<<<<

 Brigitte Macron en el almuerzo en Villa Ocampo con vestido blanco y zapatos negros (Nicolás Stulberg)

>>>>
<<<<

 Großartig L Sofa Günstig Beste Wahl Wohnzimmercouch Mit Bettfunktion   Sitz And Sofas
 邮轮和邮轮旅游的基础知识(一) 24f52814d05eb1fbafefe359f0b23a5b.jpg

>>>>
<<<<

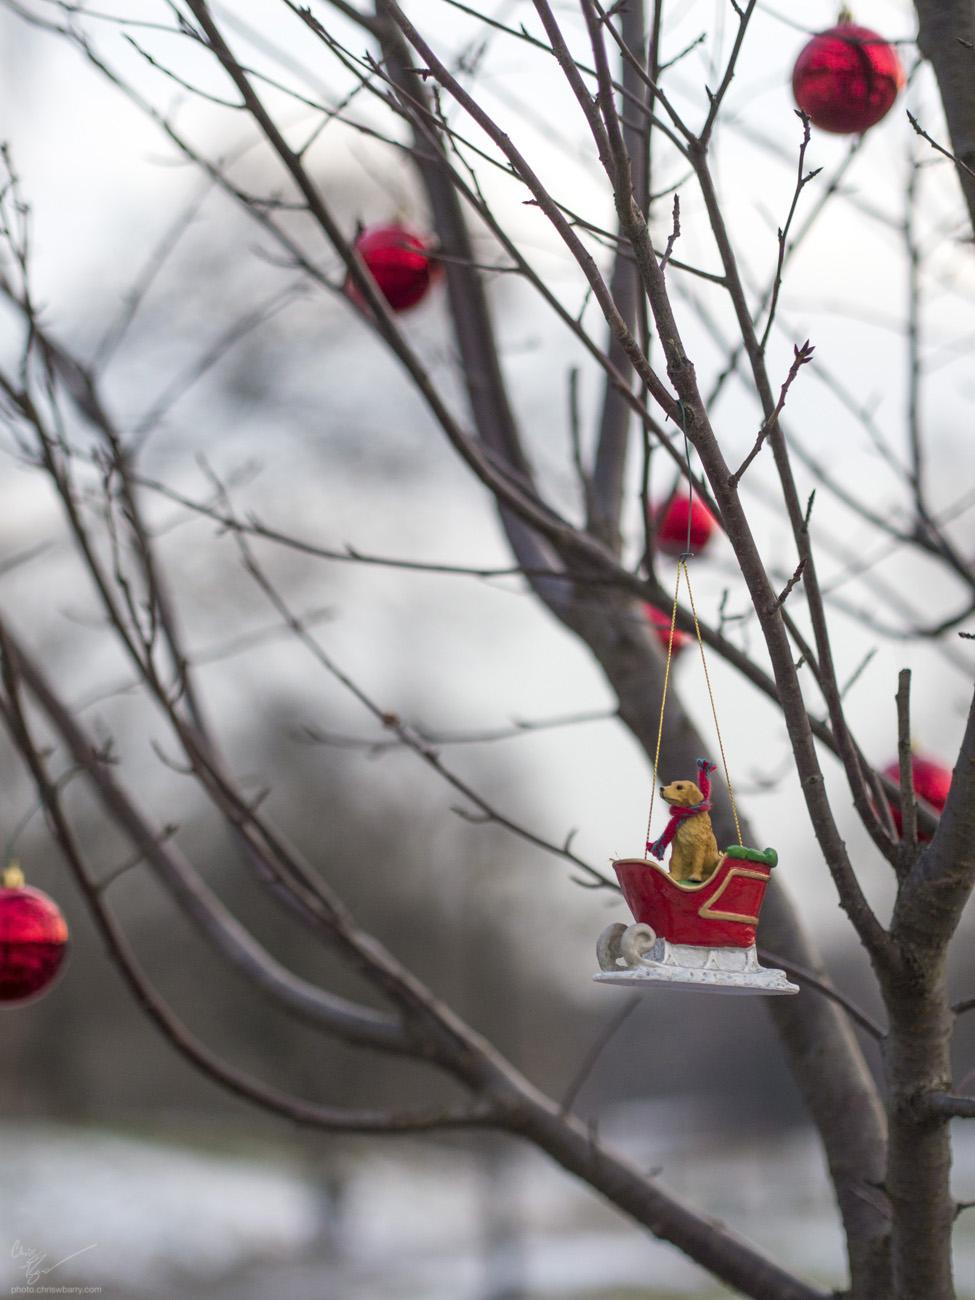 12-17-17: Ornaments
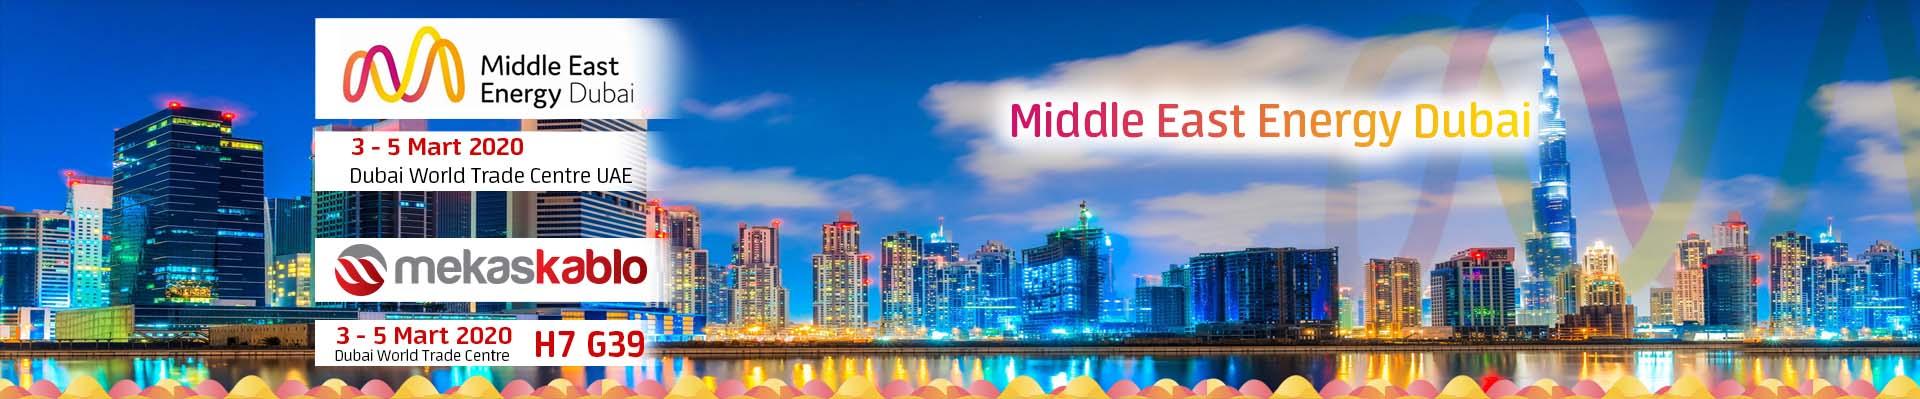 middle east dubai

>>>>

» **Aim of the task**
Keeping every character as it is, restate the lines above that run from the line with "Großartig L Sofa" through the line with "邮轮和邮轮旅游的基础知识(一", both included, and nothing else.

» **Response to the task**
 Großartig L Sofa Günstig Beste Wahl Wohnzimmercouch Mit Bettfunktion   Sitz And Sofas
 邮轮和邮轮旅游的基础知识(一) 24f52814d05eb1fbafefe359f0b23a5b.jpg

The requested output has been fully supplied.